This morning we went to Rite Aid to pick up some bug spray, and after picking up six other things we did not need, we got in line. The checker was clearly annoyed to have left her trailer far too early in the morning and itching to git out fer a smoke to further damage her 60-something skin and add additional weight to the bags under her eyes. Looking balefully at the line she called for back up. "Second checkerrrr," she drawled into the microphone.
Minutes passed as she examined each and every item in the basket of the person checking out. The man in front of me left in a huff after 4 minutes of "well, would you look at that" exclamations from the checker. The manager came up twice for price checks and averted his eyes from the line of increasingly antsy shoppers. Finally, after no second checker appeared and multiple people in line bailed, it was our turn.
The first item in our basket was a child's electronic piano. She stared at the shiny buttons, hyp-mo-tized. Then hit the first button, setting off a tune from the piano. She laughed like an infant who had just discovered her own feet. "I like that," she mumbled like Billy Bob Thornton in Sling Blade, approximating his voice and oddly, as I just then noticed, his clothing style as well.
This commentary and amazement at each dollar item continued for several minutes, executed with an underlying score of Mac the Knife that she sang under her breath. Shawn Joaquin gaped at her from just below countertop level as she checked each item, before she turned her squinty eyes on him. "You sure are a cutey," she said and began to sing Lemondrop while swinging her hips, snapping her fingers and looking up at the stained ceiling. He was terrified and mute at her sudden attention, frozen in time and space like a small animal that is trying to evade the continued attention of a predator. Another minute passed before she regained her focus on the task at hand. "Did you need something?" she asks kindly, not noticing the pile of unbagged and unpaid for goods before her.

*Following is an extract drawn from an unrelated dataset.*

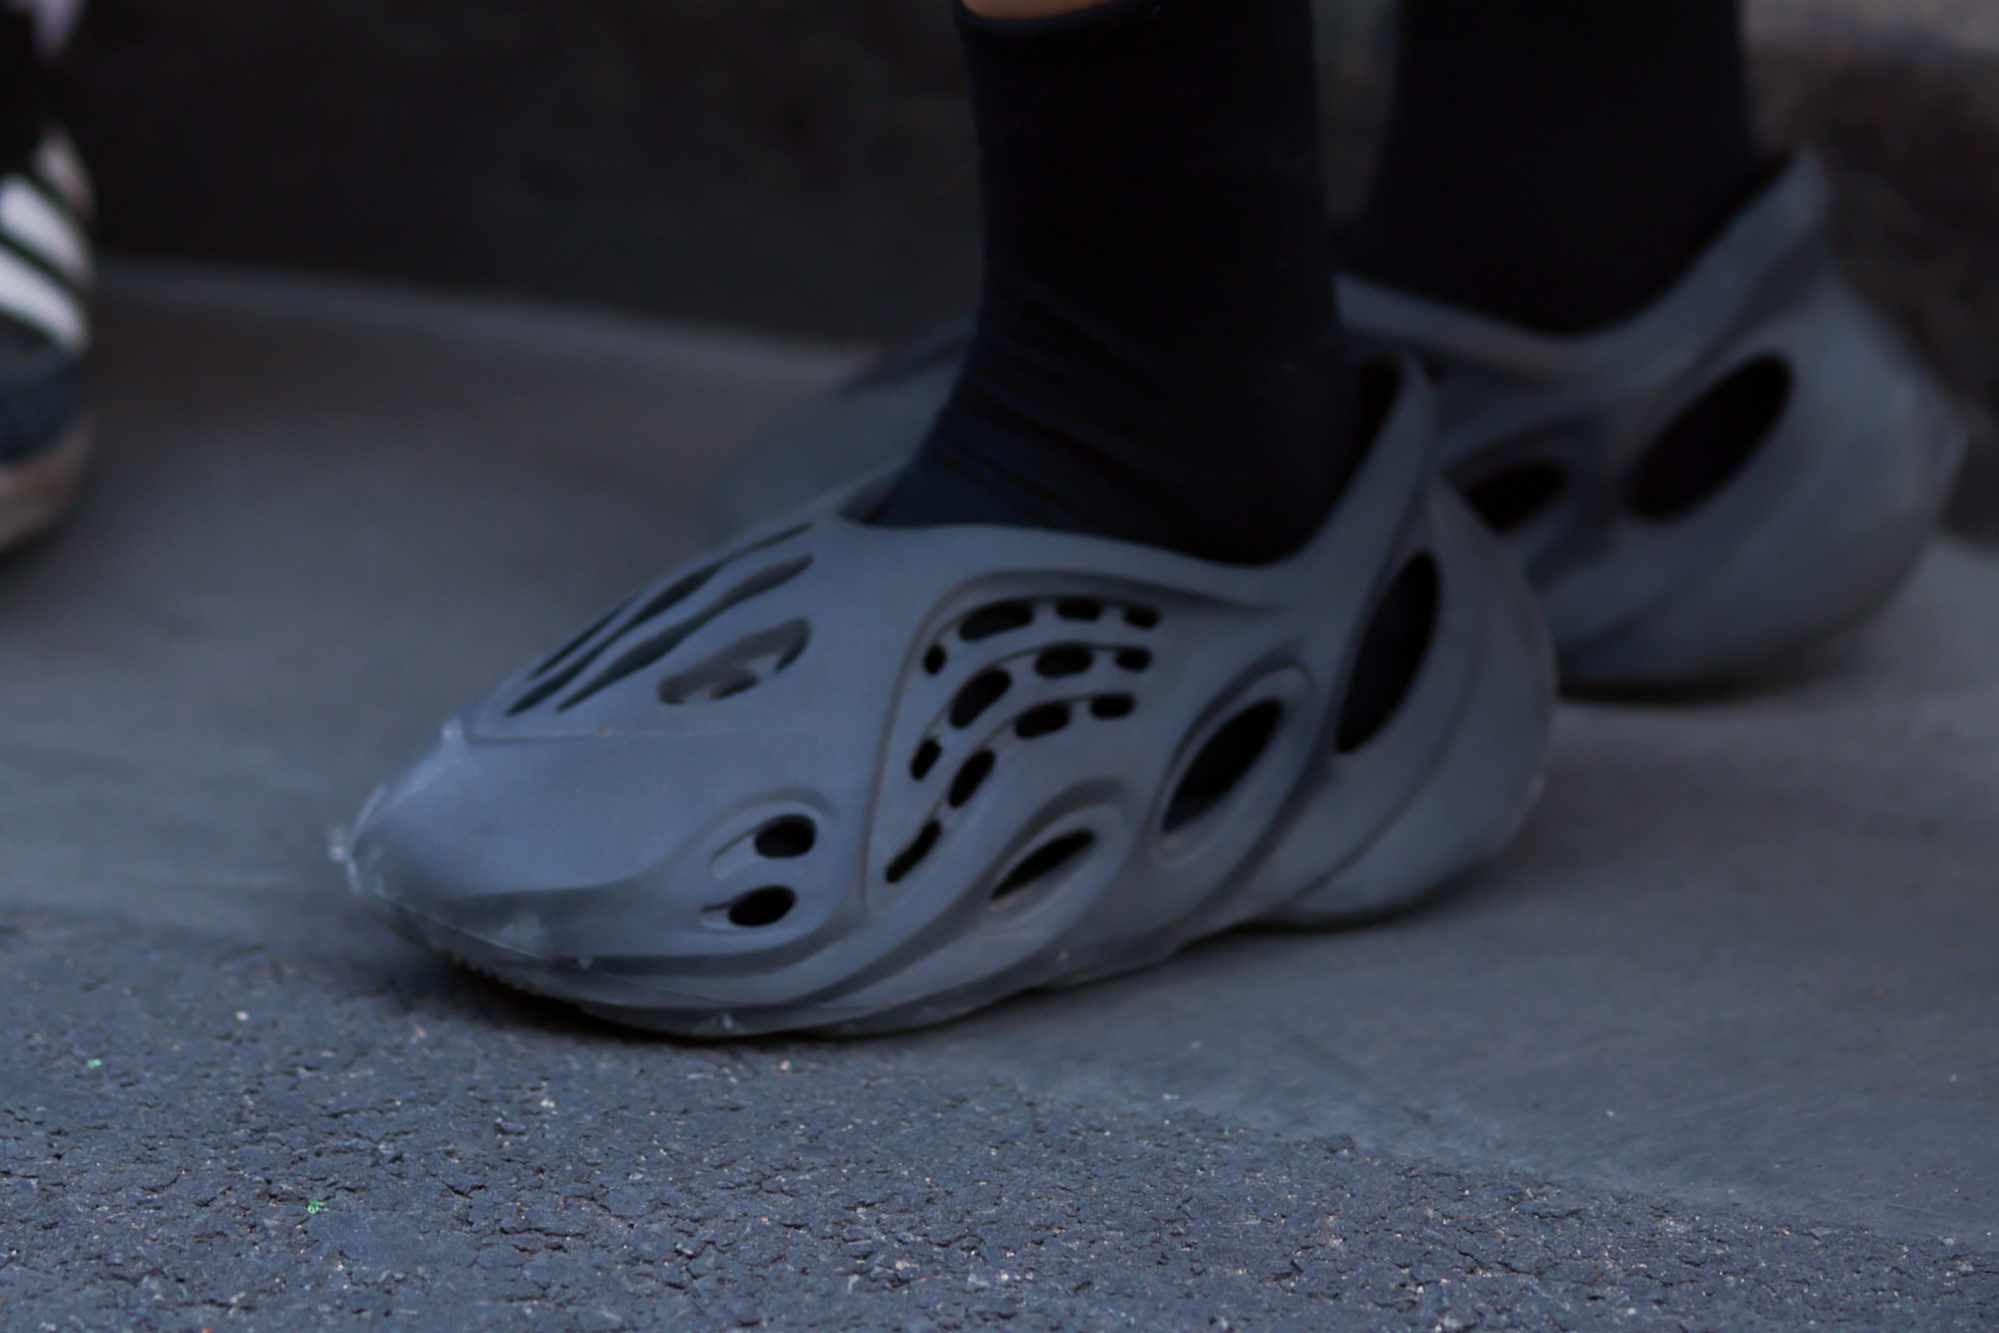 adidas YEEZY Foam Runner sneakers seen on-feet in grey

It’s like when Shawn Joaquin begins a conversation mid-sentence, leading me to believe I have perhaps blacked out or lost time. It takes me a few seconds to realize that NO, I am not the crazy one, she is. And that even though I have given up my past hangouts, I can get the same level of incoherence, entertainment and insanity I experienced at The Alley and other dive bars…along with similar juke box tunes…just by going down to the local Rite Aid. Suddenly trips to Rite Aid were no longer about the trip but about the journey I have while there, and the camaraderie with the other patrons that's not unlike that morning-after kinship one feels after a night of witnessing bad bar behavior.
So give me some Dramamine, those dollar flip flops and a water back, lady. And keep my tab open. I’m sure to be back.